Comparative Analysis of Machine-Learning Model Performance in Image Analysis: The Impact of Dataset Diversity and Size

Eric D Pelletier; Sean D Jeffries; Kevin Song; Thomas M Hemmerling

doi:10.1213/ANE.0000000000007088

Comparative Analysis of Machine-Learning Model Performance in Image Analysis: The Impact of Dataset Diversity and Size

Anesth Analg. 2024 Aug 8. doi: 10.1213/ANE.0000000000007088. Online ahead of print.

Authors

Eric D Pelletier¹, Sean D Jeffries^{1

2}, Kevin Song², Thomas M Hemmerling^{1

2}

Affiliations

¹ From the Department of Experimental Surgery, McGill University Health Center, Montreal, Quebec, Canada.
² Department of Anesthesia, McGill University, Montreal, Quebec, Canada.

PMID: 39116018
DOI: 10.1213/ANE.0000000000007088

Abstract

Background: This study presents an analysis of machine-learning model performance in image analysis, with a specific focus on videolaryngoscopy procedures. The research aimed to explore how dataset diversity and size affect the performance of machine-learning models, an issue vital to the advancement of clinical artificial intelligence tools.

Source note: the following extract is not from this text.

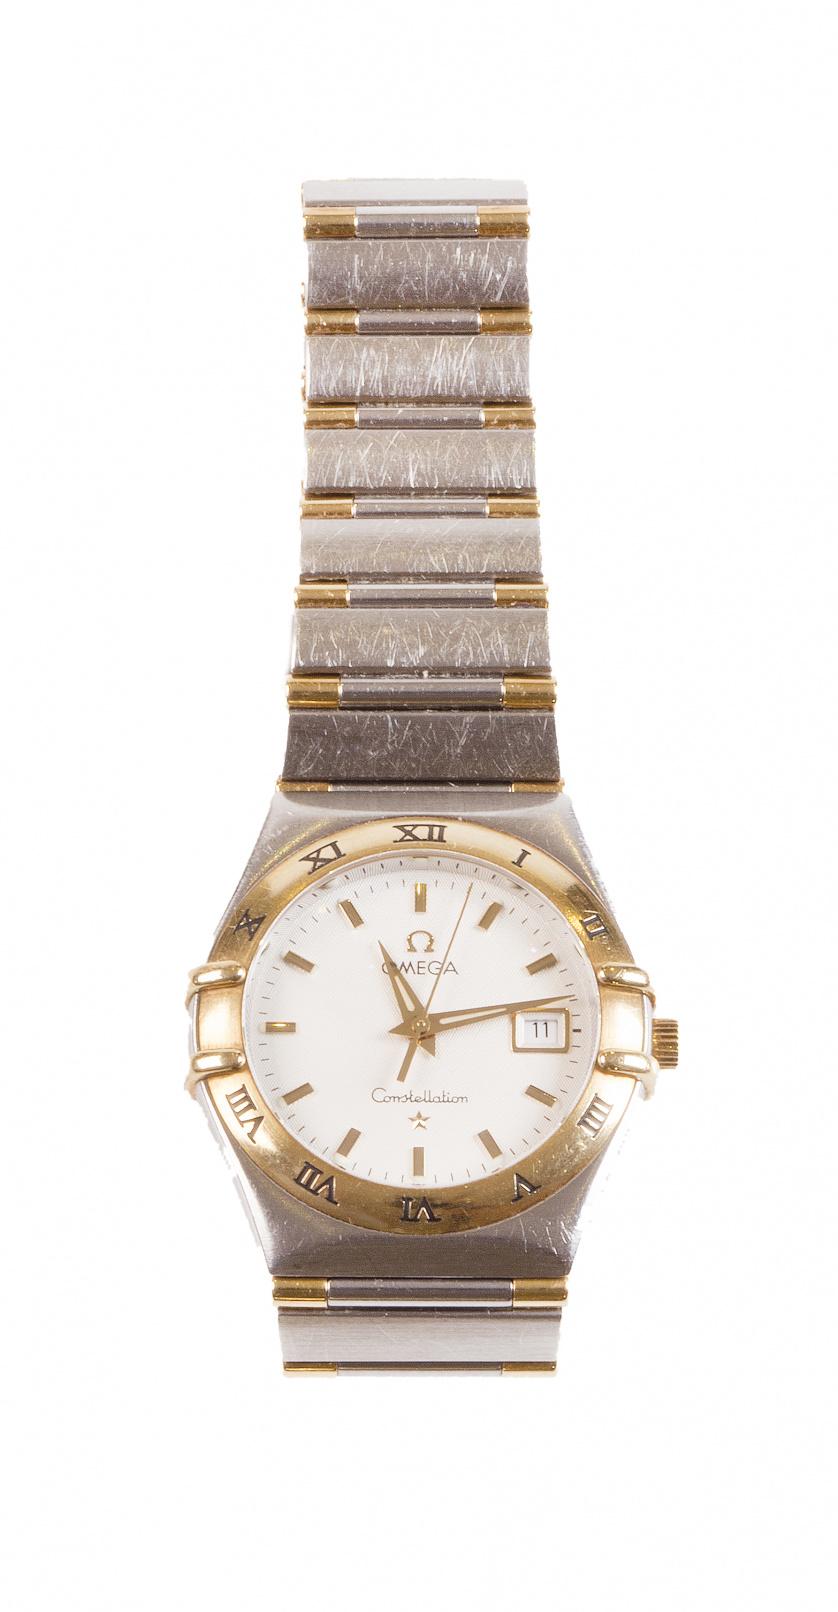 Reloj de pulsera de señora OMEGA CONSTELLATION en oro y ace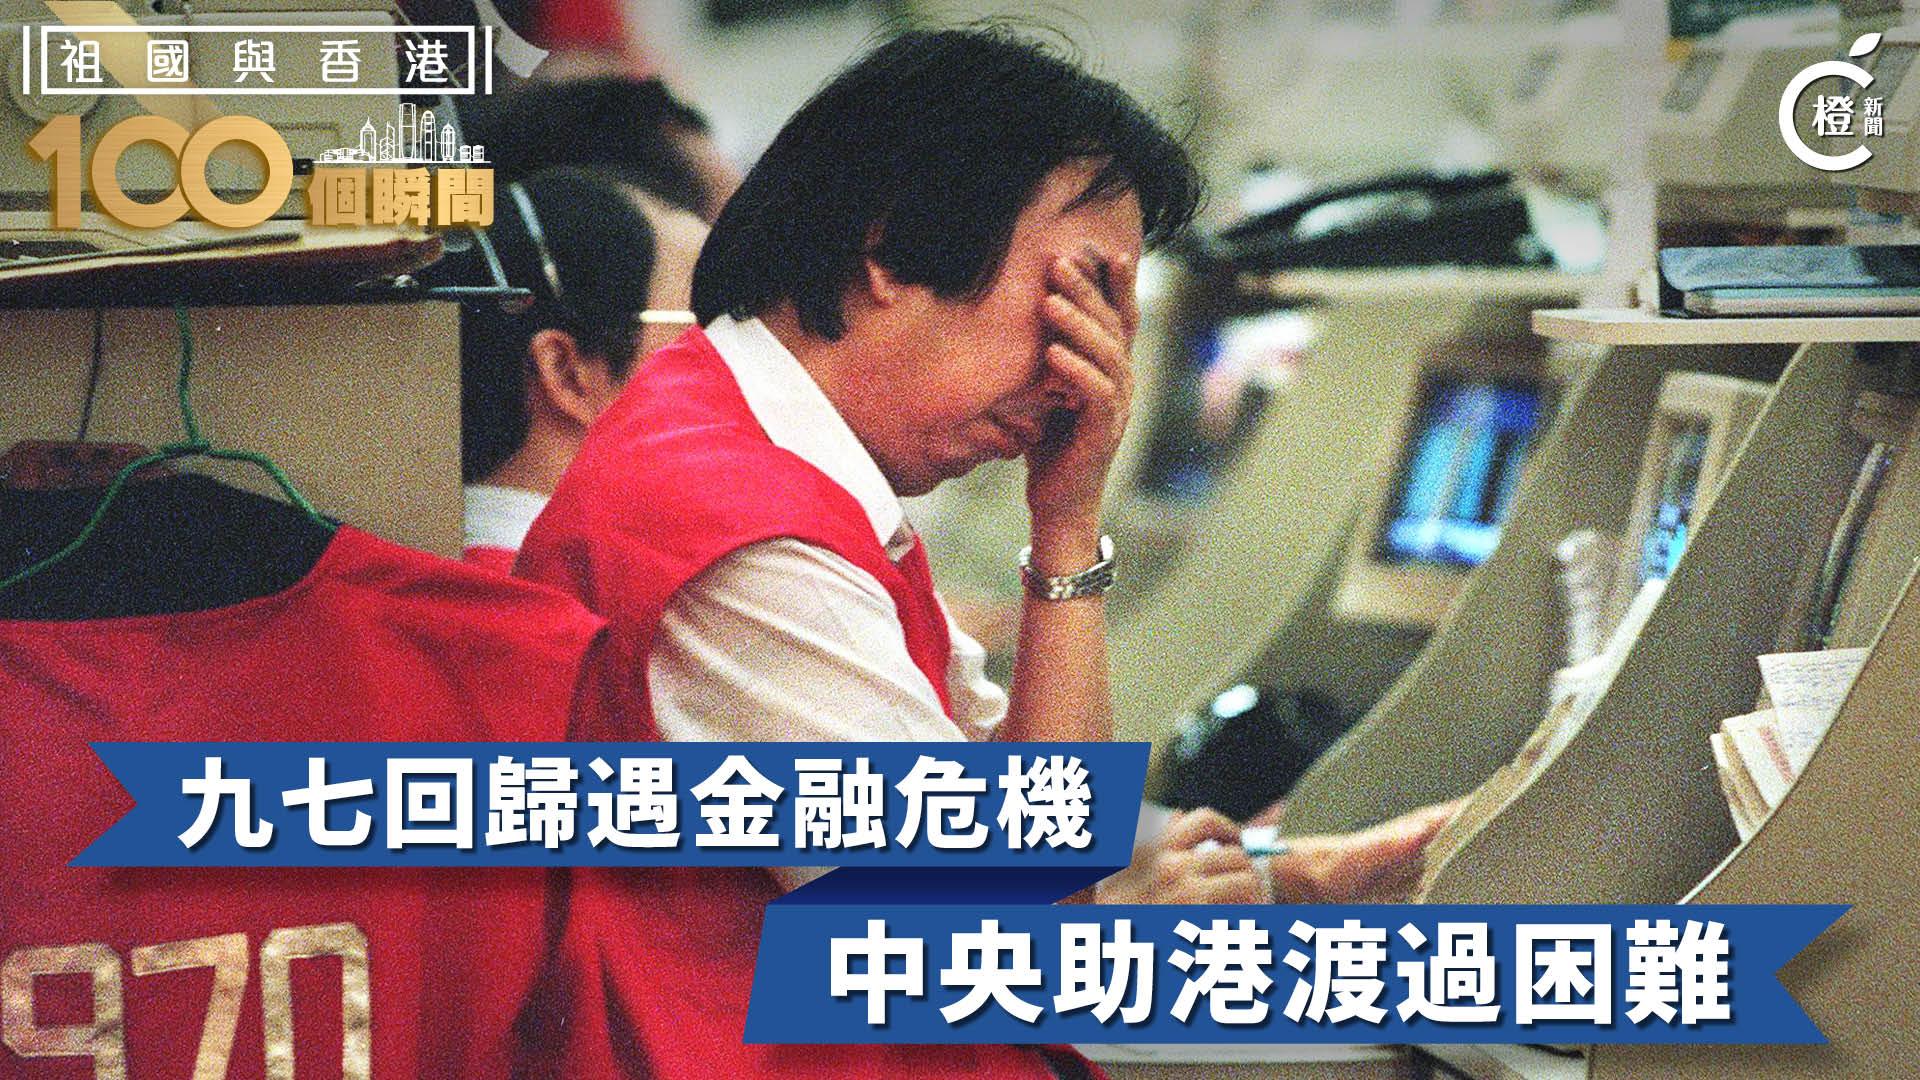 【祖國與香港100個瞬間】回歸後遭遇金融危機 中央助港渡過困難

Methods: A total of 377 videolaryngoscopy videos from YouTube were used to create 6 varied datasets, each differing in patient diversity and image count. The study also incorporates data augmentation techniques to enhance these datasets further. Two machine-learning models, YOLOv5-Small and YOLOv8-Small, were trained and evaluated on metrics such as F1 score (a statistical measure that combines the precision and recall of the model into a single metric, reflecting its overall accuracy), precision, recall, mAP@50, and mAP@50-95.

Results: The findings indicate a significant impact of dataset configuration on model performance, especially the balance between diversity and quantity. The Multi-25 × 10 dataset, featuring 25 images from 10 different patients, demonstrates superior performance, highlighting the value of a well-balanced dataset. The study also finds that the effects of data augmentation vary across different types of datasets.

Conclusions: Overall, this study emphasizes the critical role of dataset structure in the performance of machine-learning models in medical image analysis. It underscores the necessity of striking an optimal balance between dataset size and diversity, thereby illuminating the complexities inherent in data-driven machine-learning development.